To date, electrophysiological experiments in the adult cat relying on measures of central latency have suggested that PAD of low-threshold cutaneous and muscle afferents is produced via a minimally trisynaptic pathway involving last order GABAergic inhibitory interneurons (Rudomin and Schmidt, 1999). In contrast, recent anatomical evidence demonstrated that only a single interneuron is interposed in some disynaptic circuits that could produce PAD of lower threshold afferents (Olave et al., 2002; Bannatyne et al., 2009).

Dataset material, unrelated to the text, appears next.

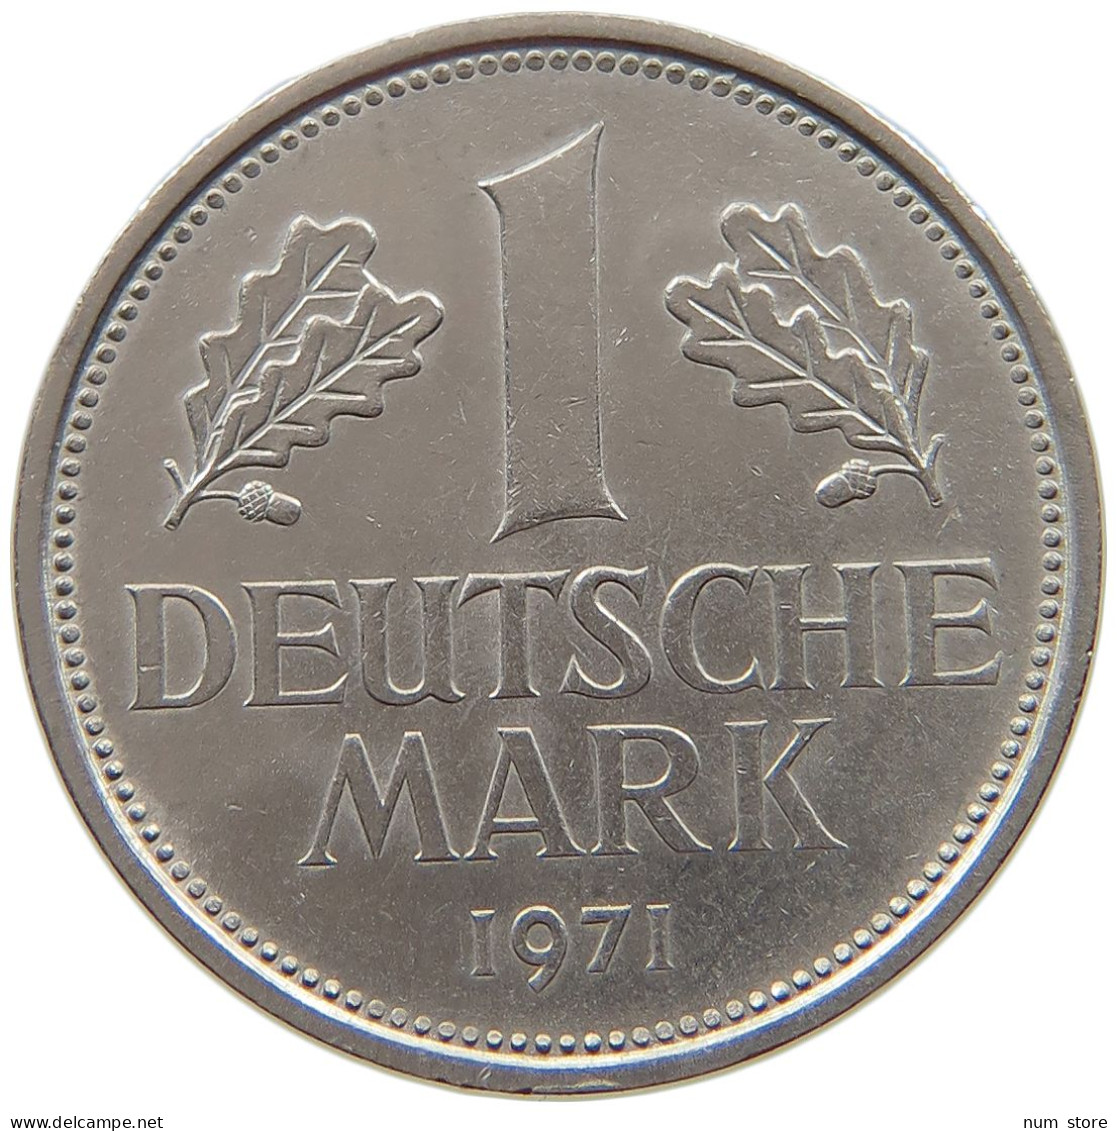 GERMANY WEST 1 MARK 1971 D #a043 0487 - 1 Mark
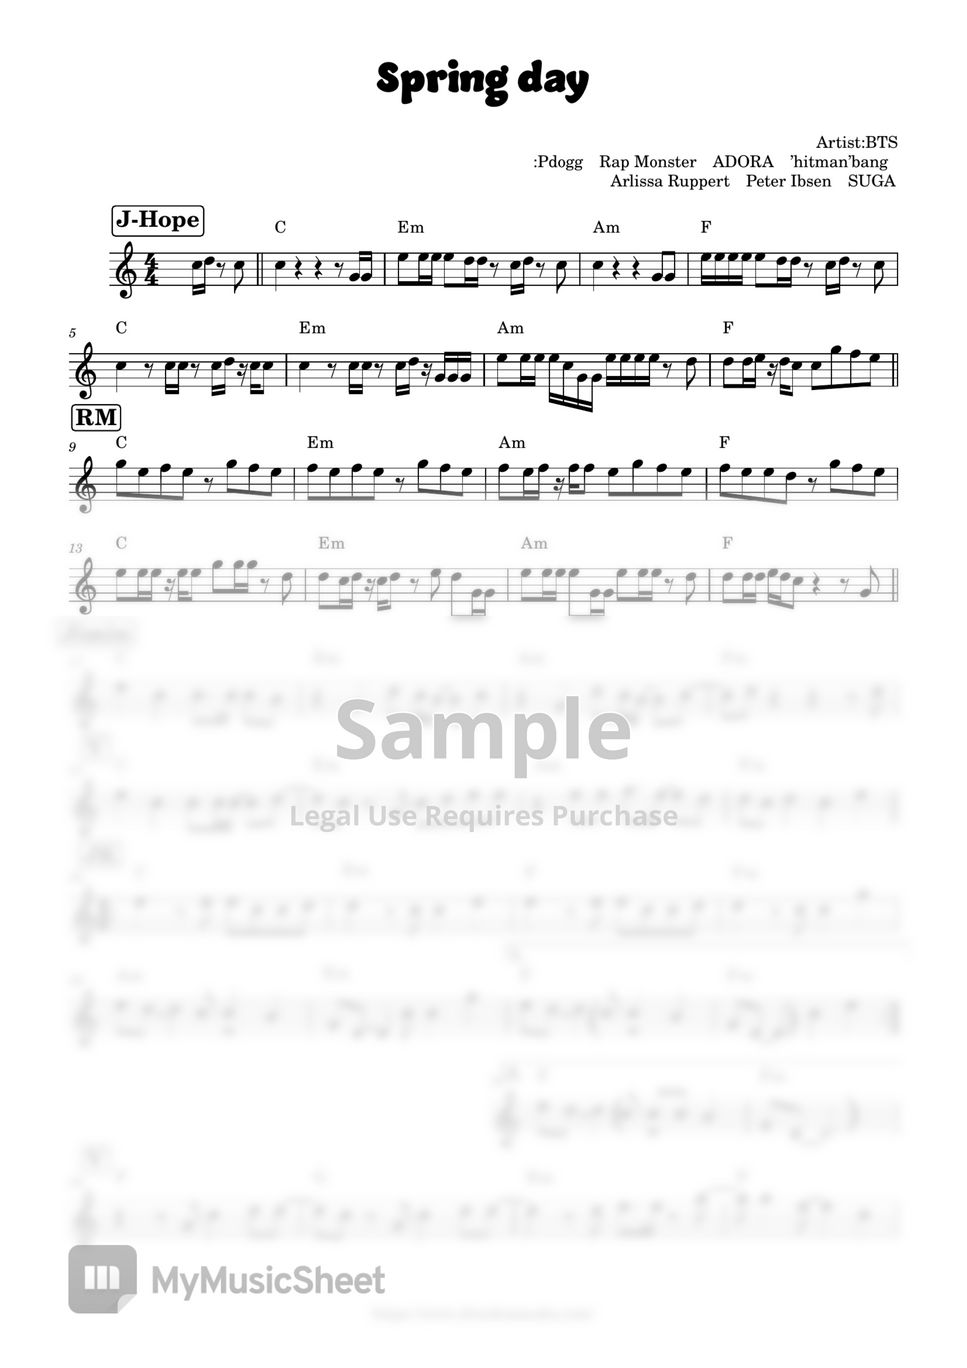 Alto Saxophone sheet music of the day - 1 : r/saxophone

In addition, nonspiking spinal microcircuits in turtle have been shown to be sufficient to generate afferent-evoked PAD in TTX-insensitive high-threshold afferents, further implicating more direct negative feedback mechanisms controlling afferent activity (Russo et al., 2000).
We designed experiments to provide the first electrophysiological evidence that lower-threshold afferents also evoke PAD by more direct synaptic pathways. We used the isolated hemisected juvenile rat spinal cord maintained in vitro and examined the effects of chemically induced reductions in synaptic transmission on the DRP and on the excitability of spinal neurons. Our rationale was that if synaptic transmission could be limited principally to monosynaptic actions and the earliest DRP component is largely unaffected, then PAD evoked by stimulation of low-threshold afferents can be produced by more direct mechanisms. Indeed, the results presented suggest that more direct mechanisms, not mediated by trisynaptic or polysynaptic pathways, represent the predominant form of primary afferent stimulation-evoked PAD.
Materials and Methods
All procedures were approved by the Emory University Institutional Animal Care and Use Committee. Midsagittally hemisected spinal cords were isolated from Sprague Dawley rats aged from postnatal days 7–14 and were prepared for in vitro experiments as described previously (Shay et al., 2005; Machacek and Hochman, 2006). Recordings were made in oxygenated aCSF containing the following (in mm): NaCl 128; KCl 1.9; d-glucose 10; MgSO4 1.3; CaCl2 2.4; KH2PO4 1.2; and NaHCO3 26.
The general experimental setup is shown in Figure 1. Dorsal lumbar roots (L3, L4 and/or L5) were left intact for stimulation of afferent fibers broadly separated by electrical stimulus intensity with bipolar glass suction electrodes. For some experiments, the tibial and deep peroneal hindlimb peripheral nerves were left intact for stimulation. DRPs were recorded from cut dorsal root filaments or intact via en passant nerve suction. Ventral root potentials (VRPs) and accompanying reflexes were recorded from the ventral motor roots. Unless otherwise stated, recordings were made with differential amplifiers at DC with a gain of 1000 (AM Systems Model 3000) or near DC (high-pass at 0.1 Hz; custom built) with a gain of 10,000. Unless otherwise stated, constant current stimulators delivered single-shock stimuli every 30 s of defined stimulation intensity to the dorsal roots (usually L5) or peripheral nerves. Occasionally, a train of 5 pulses at 20 Hz was delivered 15 s after the single-shock stimulus. All actions are studied from large diameter/fast conducting myelinated low-threshold afferents (cutaneous Aβ and muscle group I and II), typically at constant current stimulation values of 100 μA, 100 μs (Shay et al., 2005) which equated to simulation at ∼10 times the threshold (T) for afferent fiber recruitment. In most experiments, the afferent volley was recorded antidromically distal to the site of stimulation to confirm selective recruitment of low-threshold afferents (Shay et al., 2005) and to monitor volley amplitudes during drug applications to ensure observed actions are independent of changes in afferent fiber recruitment. This is critical in the current work as the solutions used to minimize synaptic transmission presumably do so by raising action potential threshold (Frankenhaeuser and Meves, 1958; Ono et al., 1979). A suprathreshold stimulation intensity of 100 μA, 100 μs prevented such actions on afferent fiber recruitment. Whenever tested, the afferent volley and central actions were completely eliminated at low TTX dose (100–200 nm) supporting an absence of contribution from high-threshold afferents (Fig. 1B).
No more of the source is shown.